**What is expected**. From the records below, print only the part that opens with the line containing "Wilton rug - Brussels Ocean (green)" and closes with the line containing "The Jackson Bleak"; omit the pictures.

**Records**.
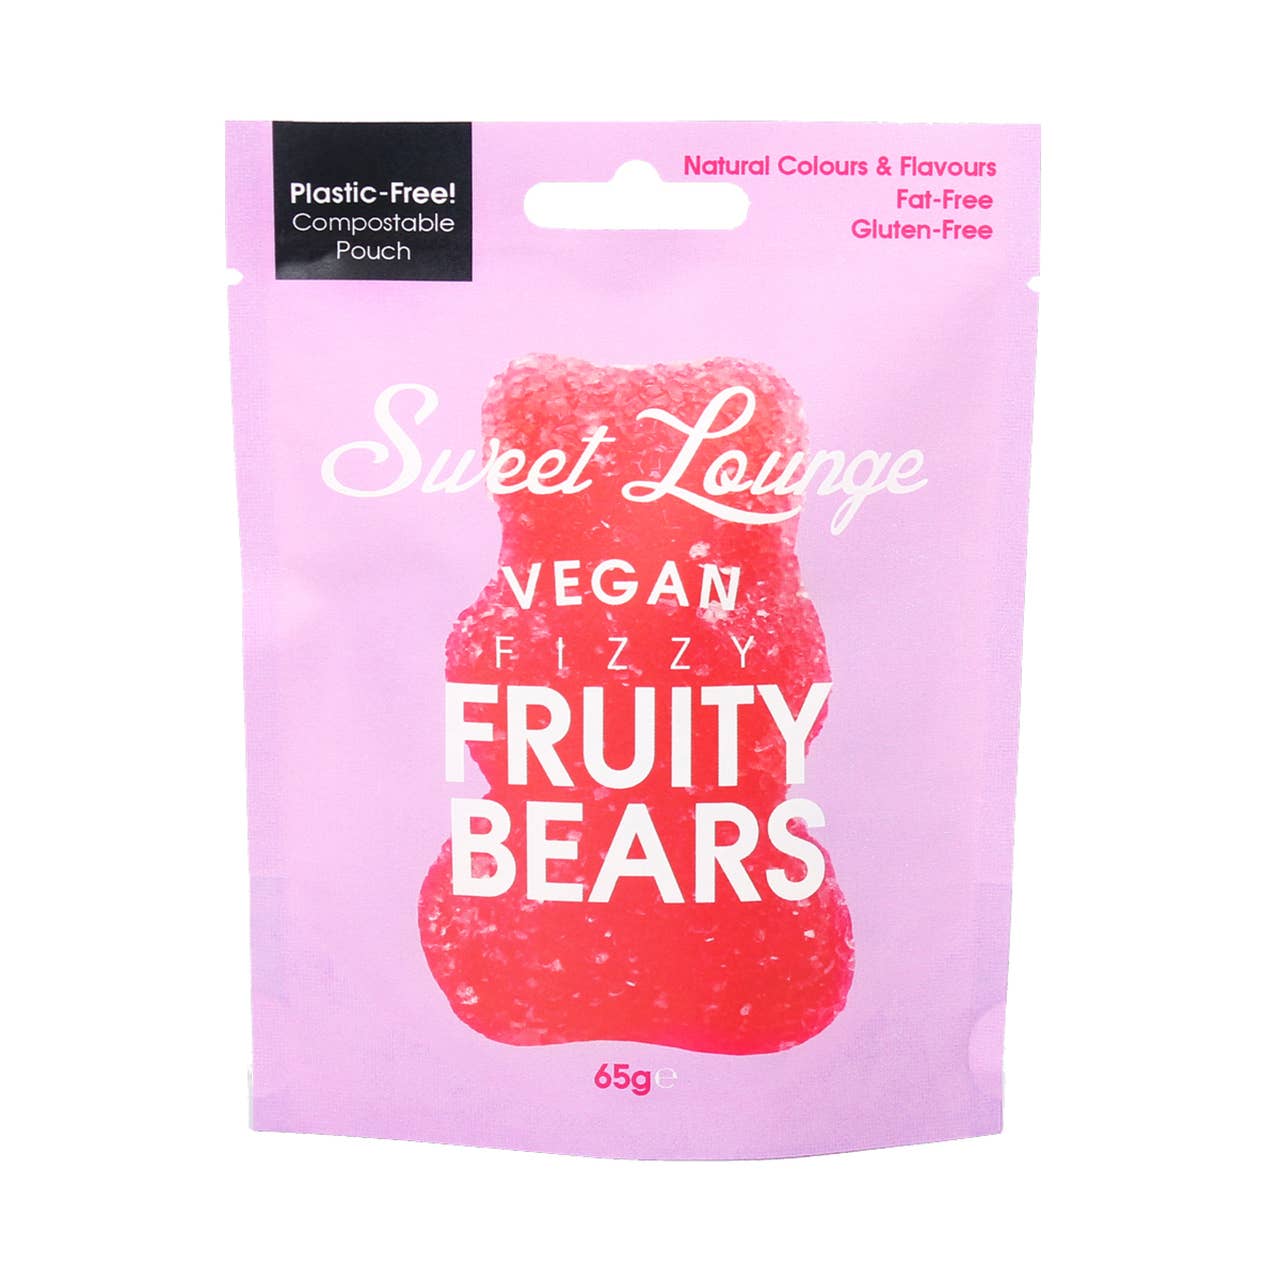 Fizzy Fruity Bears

==

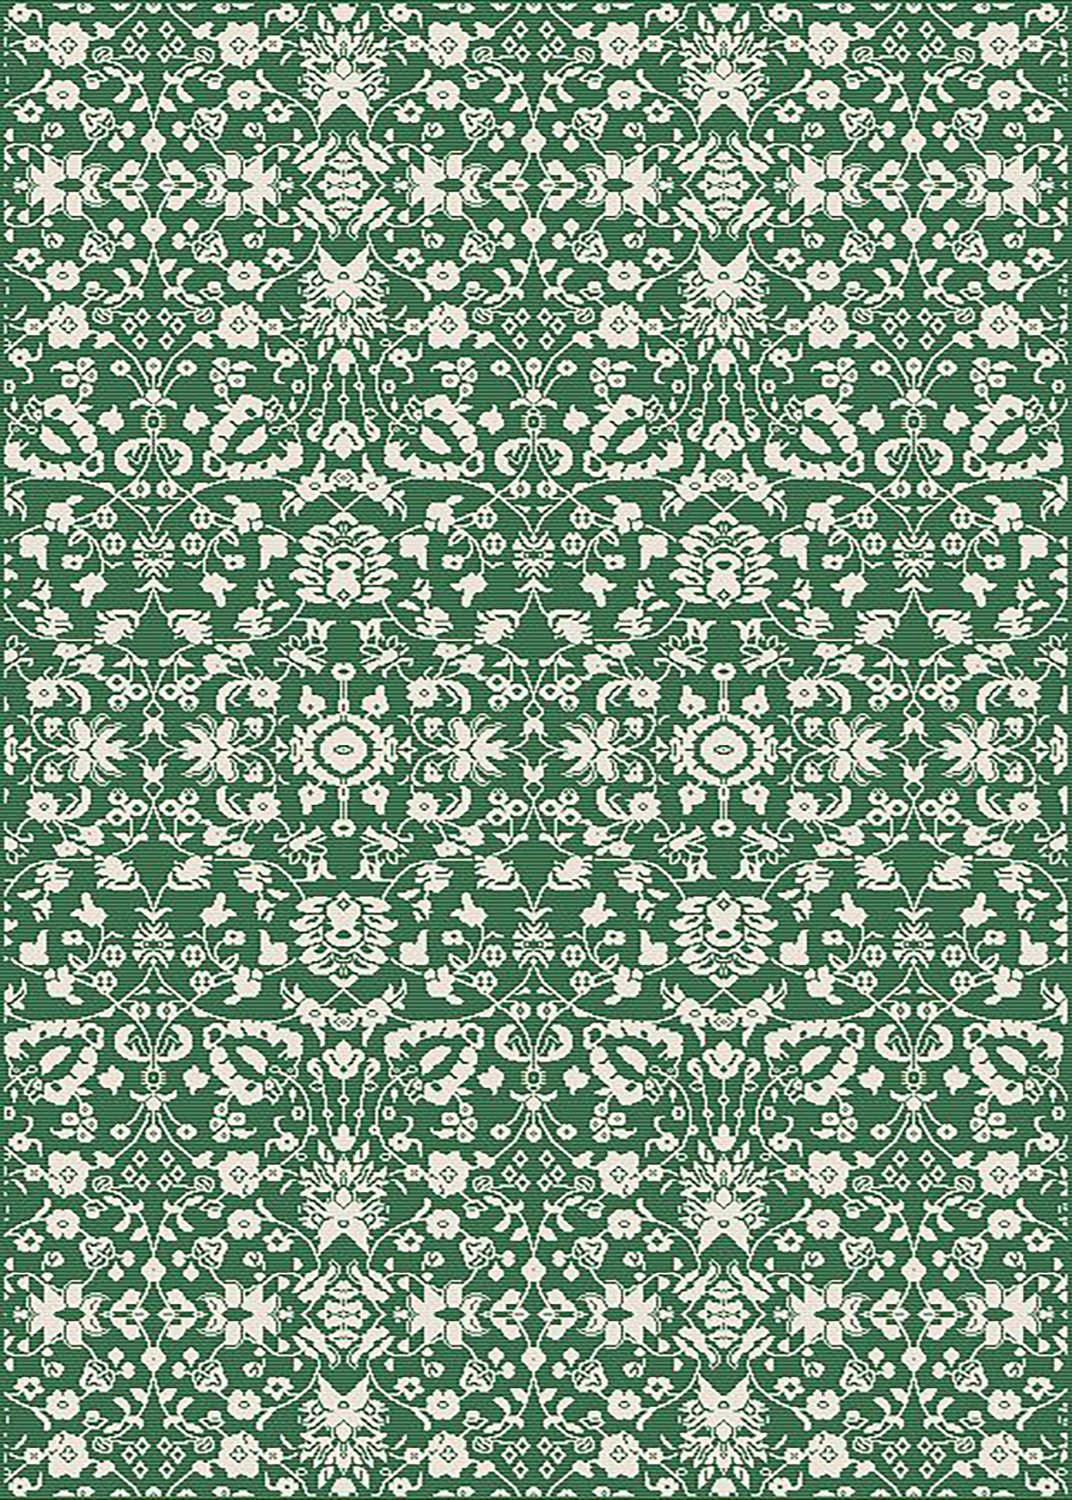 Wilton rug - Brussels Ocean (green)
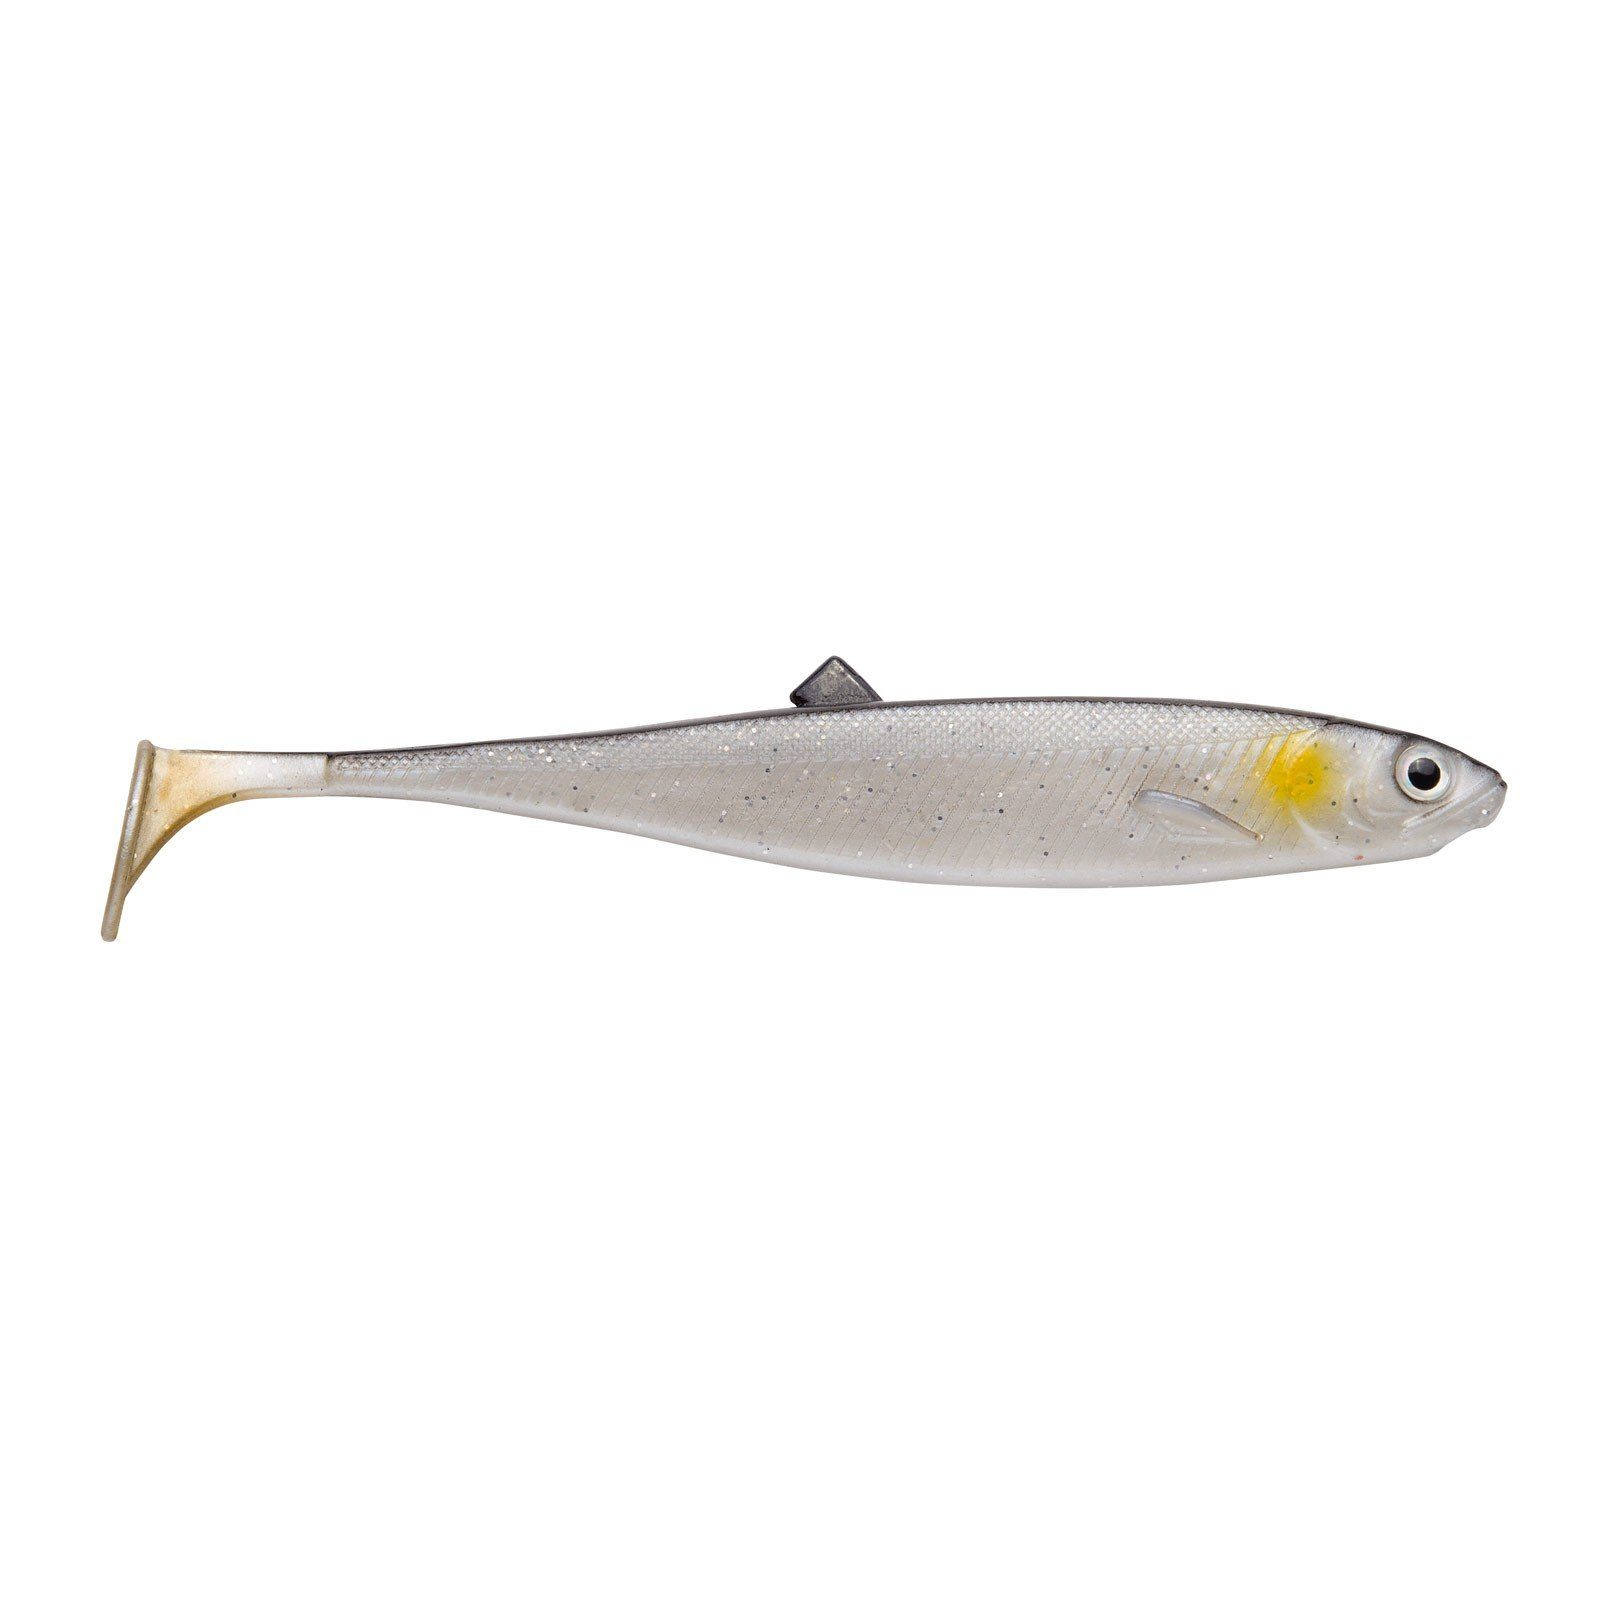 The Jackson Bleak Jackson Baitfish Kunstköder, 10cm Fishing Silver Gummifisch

**Reply**.
 Wilton rug - Brussels Ocean (green)
 The Jackson Bleak Jackson Baitfish Kunstköder, 10cm Fishing Silver Gummifisch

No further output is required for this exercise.